■ Exercise requirements ■
Set down nothing but the lines from the one containing "Bezpečnostná obuv Raven" to the final line of the material, exactly as written, and drop the pictures.

■ Recorded data ■
########################################
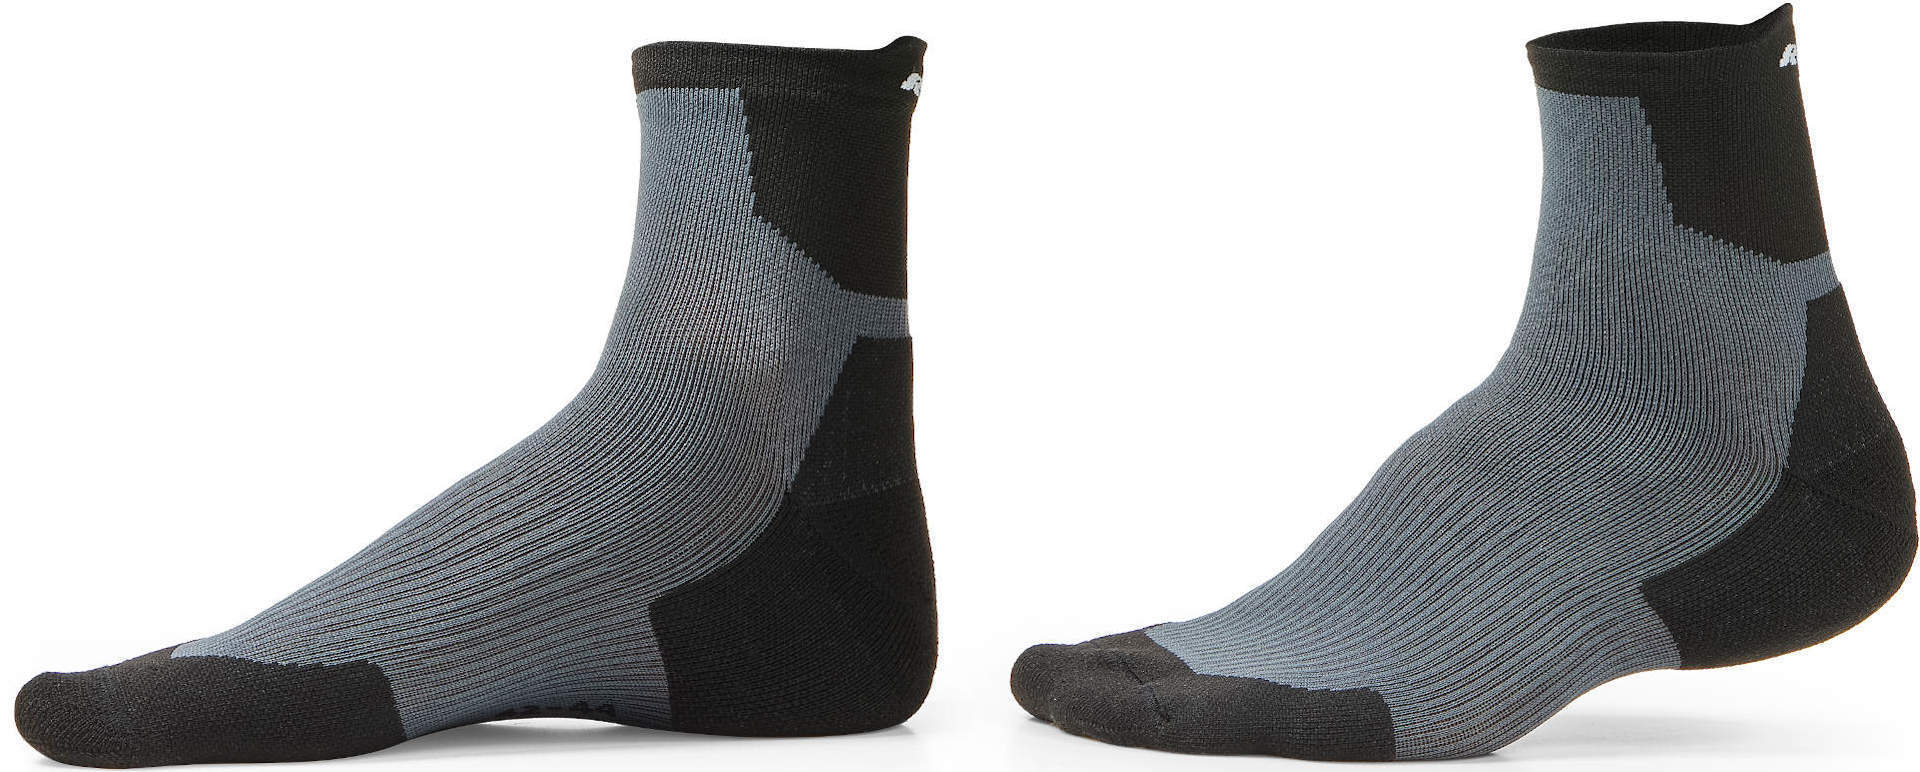 Revit Javelin Socks  - Black Grey
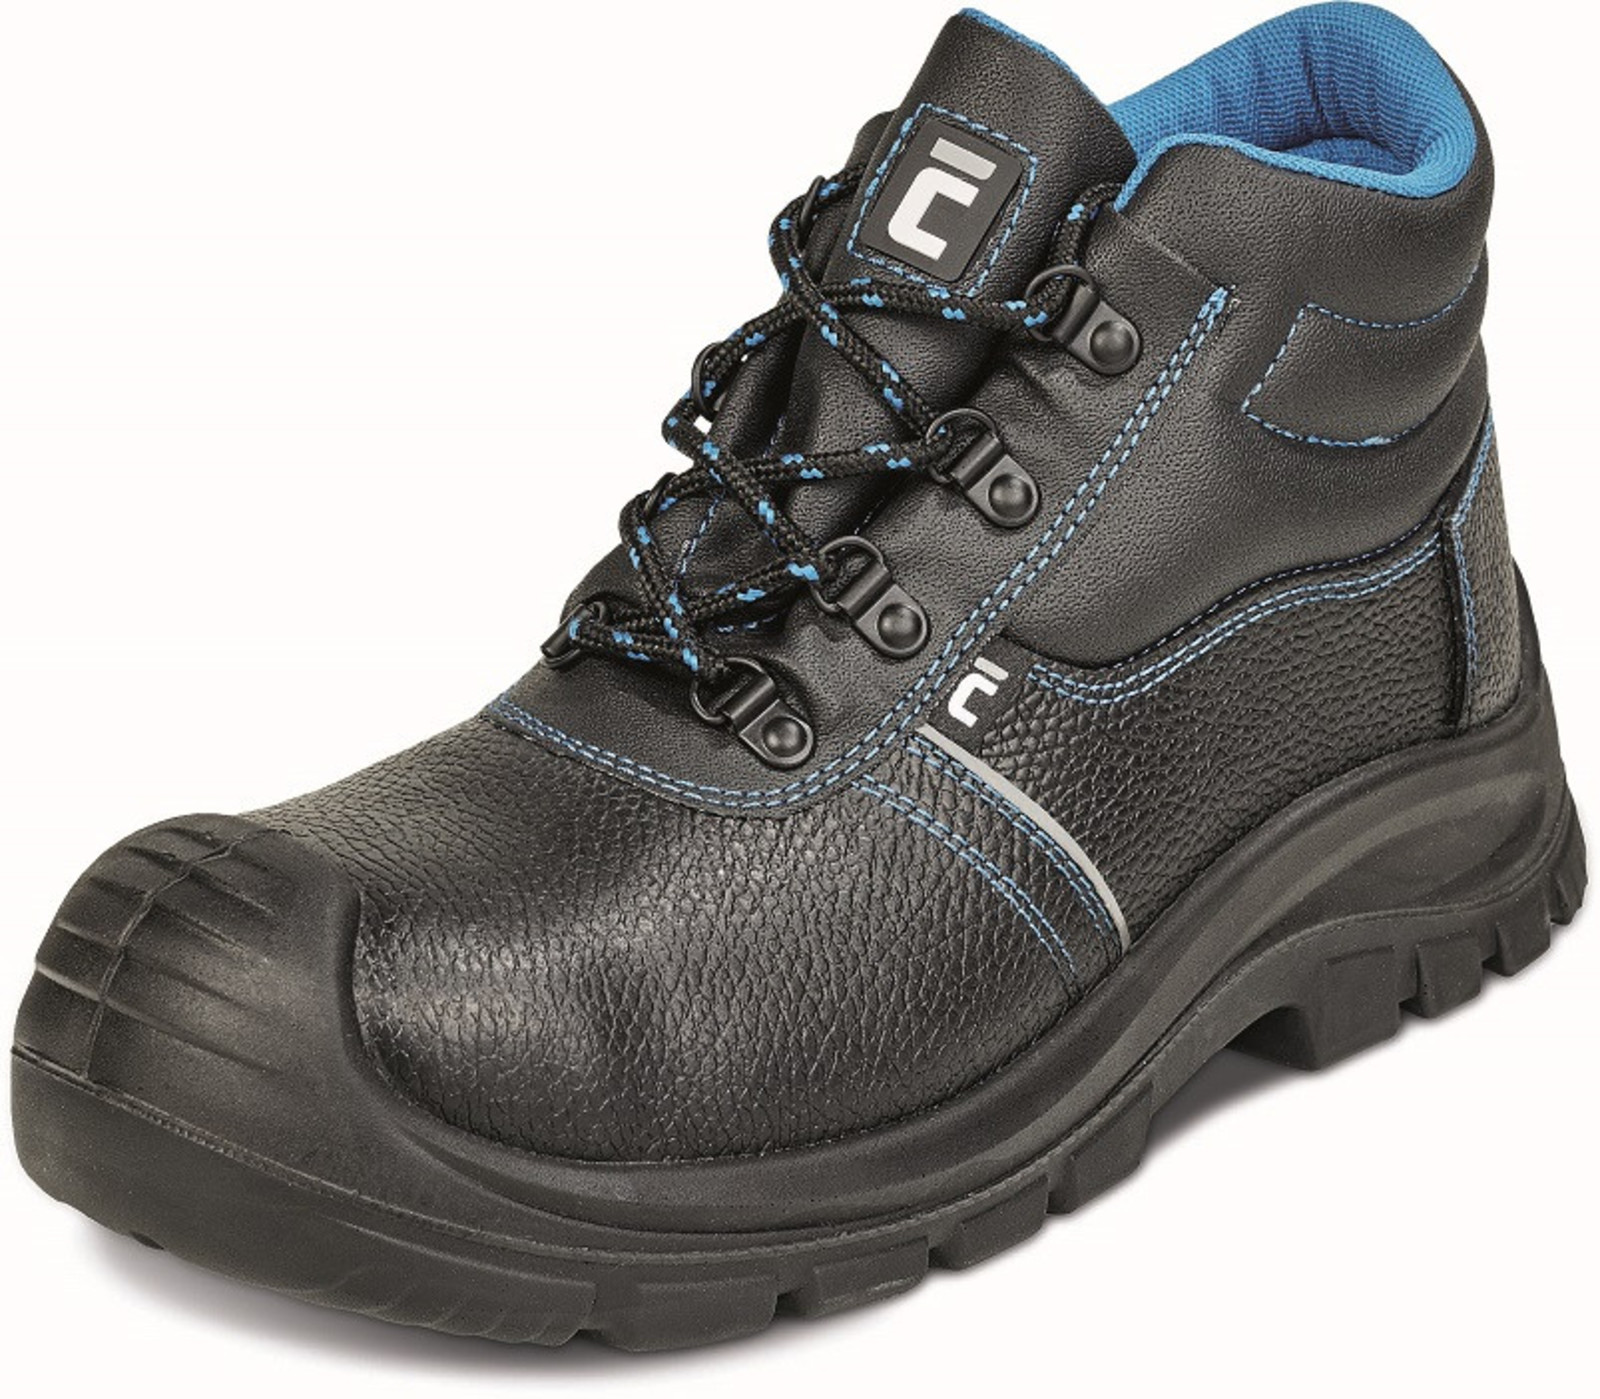 Bezpečnostná obuv Raven XT S3 - veľkosť: 46, farba: čierna
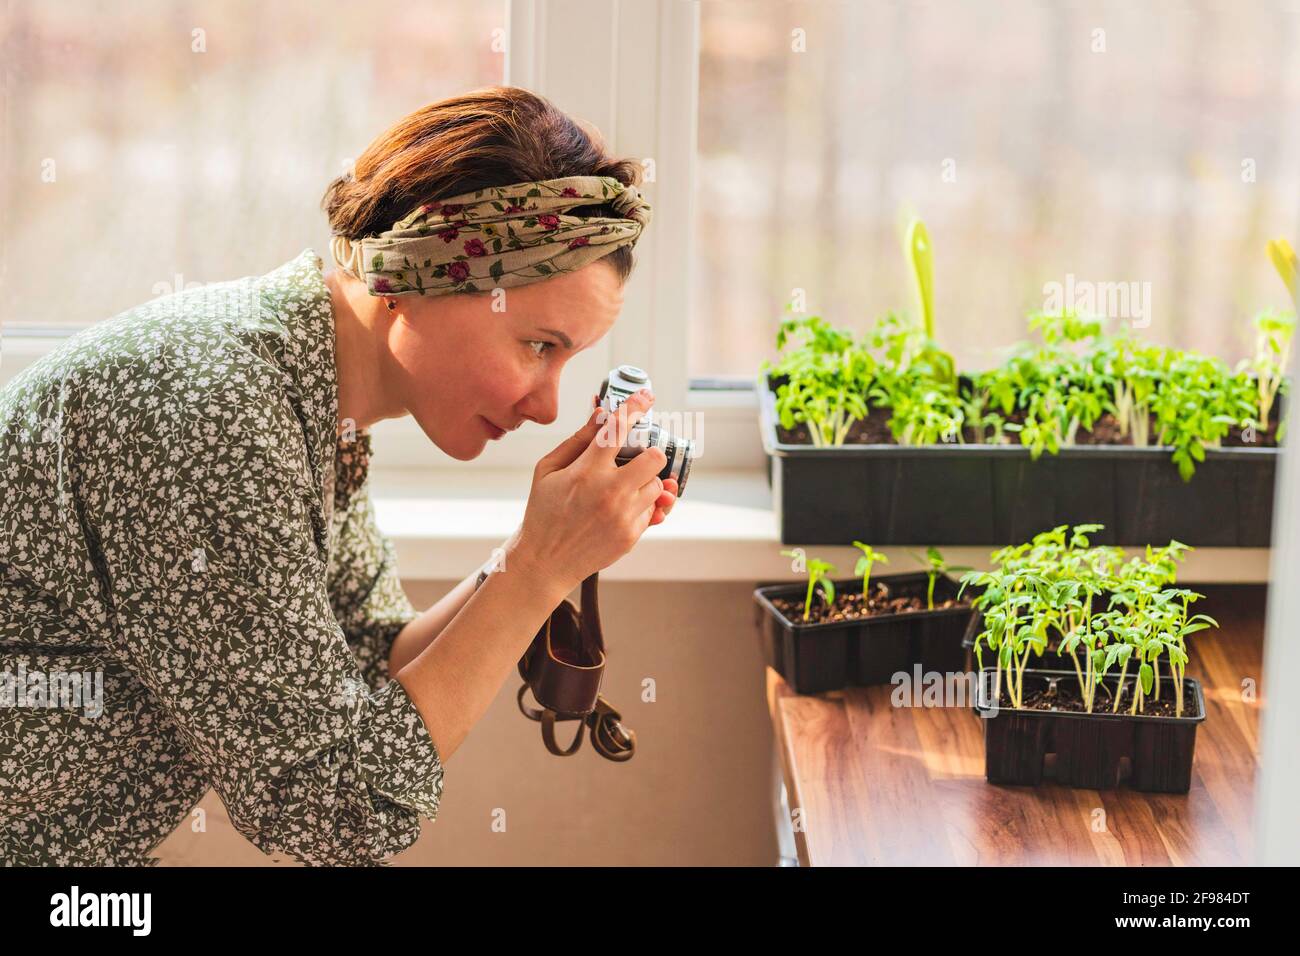 Une femme prend des photos avec un appareil photo rétro des plantes qu'elle a grandi dans son jardin à la maison pour son blog. Banque D'Images
########################################
■ Answer to the exercise ■
 Bezpečnostná obuv Raven XT S3 - veľkosť: 46, farba: čierna
 Une femme prend des photos avec un appareil photo rétro des plantes qu'elle a grandi dans son jardin à la maison pour son blog. Banque D'Images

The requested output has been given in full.